ピットレーンは一面の雪だったが・・・
0→100km/h加速3.3秒という、スーパーカーと呼ぶに相応しいパフォーマンスを持つ、アストンマーティンのSUV、DBX707。これまで何度かそのハンドルを握り試乗しているが、その実力のすべてを解き放ち、体感するのは一般公道では無理であると感じていた。本格的なサーキットが必要である。
それはアストンマーティンも当然理解している。そこで今回、富士スピードウェイの本コースでテストドライブする機会が用意された。どのようなパフォーマンスを見せてくれるのか、当日まで指折り数えて楽しみにしていた。
しかし、天気予報は生憎の雪。それも大寒波の襲来ということで、サーキットランができるのかどうか半信半疑だった。

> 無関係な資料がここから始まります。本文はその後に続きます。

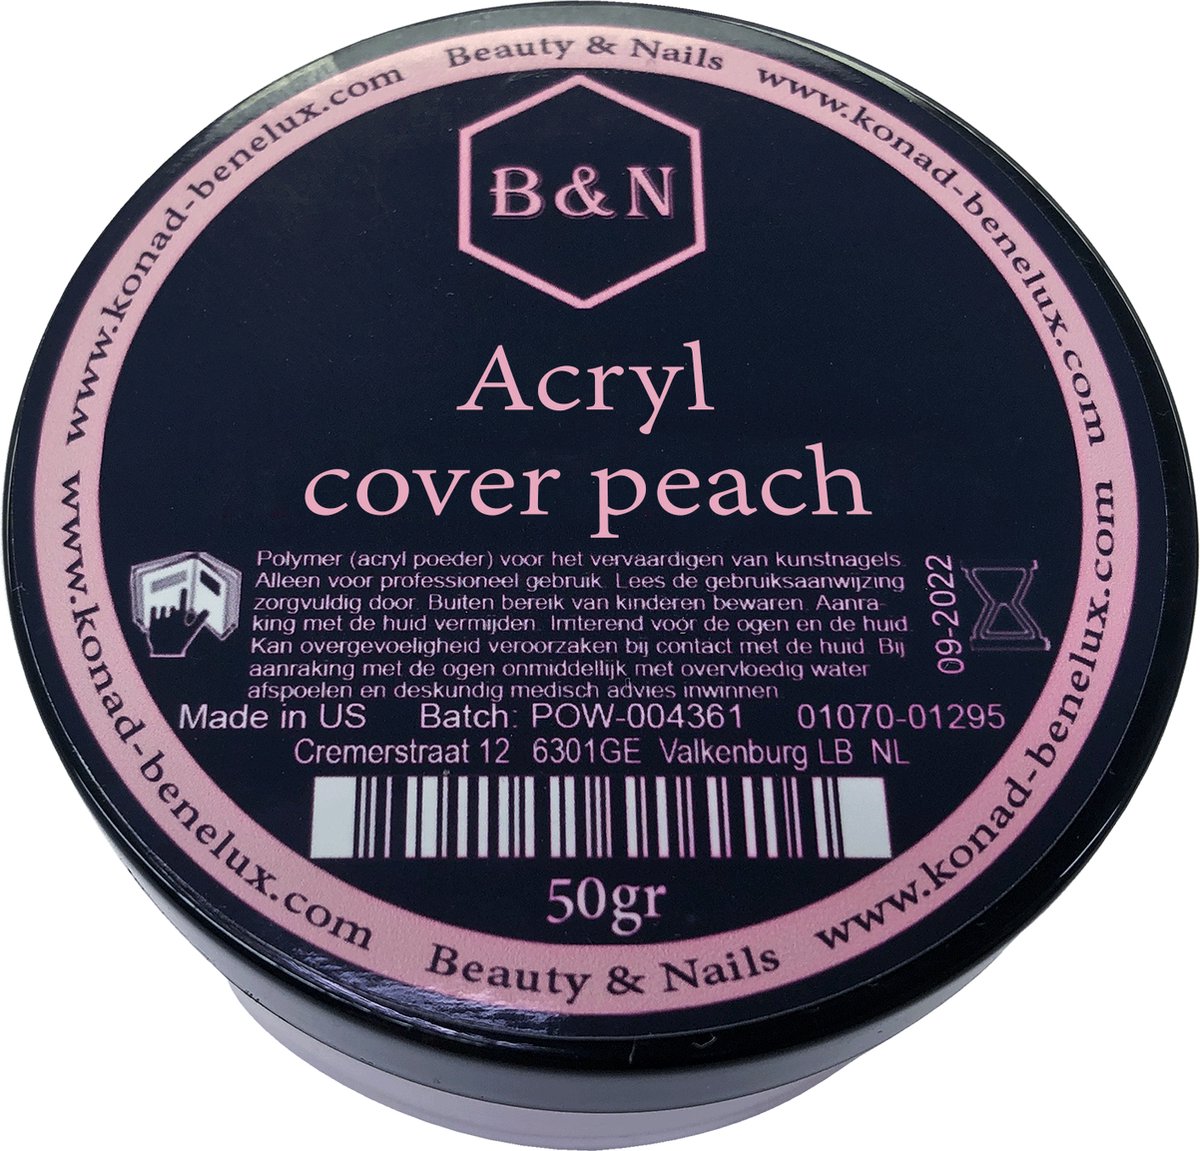 Acryl - cover peach - 50 gr | B&N - acrylpoeder -

朝、起きて窓を開けると窓の外に見えるのは雪景色だった。これでは走るのは無理だ、と思いつつも富士スピードウェイに向かった。もしかしたらコース上は雪かきされているかも・・・と思いピットのシャッターを開けたが、一面の雪で覆われたピットレーンを見てさすがに走行はあきらめた。
それでもアストンマーティンの好意でオールシーズンタイヤ装着車を用意してもらい、少しだけではあるが、雪道を走ることが許された。まさしく災い転じて福となる。思いがけず、SUV界のスーパーカーでスノードライブを経験する絶好の機会となった。
恵みの雪が車体制御技術の優秀さを経験させてくれた
さて、707ps、900Nmというハイパワー&大トルクは、雪道のような滑りやすい路面では、とてもではないがまともに走れるわけがない、というのは勝手な思い込みでしかなかった。実際にハンドルを握ると、車両安定デバイスの効果もあり、「走りを楽しむ」ことが存分にできたのである。
これはどういうことかもう少し詳しく書くと、車体の滑り出しが文字どおり、手に取るように伝わってくるため、それにカウンターステアで対処し、車両の姿勢を立て直すことができ、安心してアクセルペダルを踏んでいけるということである。
走る速度は、もちろんサーキットスピードというわけではなく、タイヤの限界を超えない低い速度ではあるが、それでも四輪制御技術の素晴らしさが確認できたということでは、「恵みの雪」と言ってもいいかもしれない。
今回は、サーキット走行が叶わず、公道では確認できない速度域の性能こそ味わえなかったが、それでもこの時期しか体験できない、DBX707の別の顔を見ることができた。SUV界のスーパーカーは二刀流だった。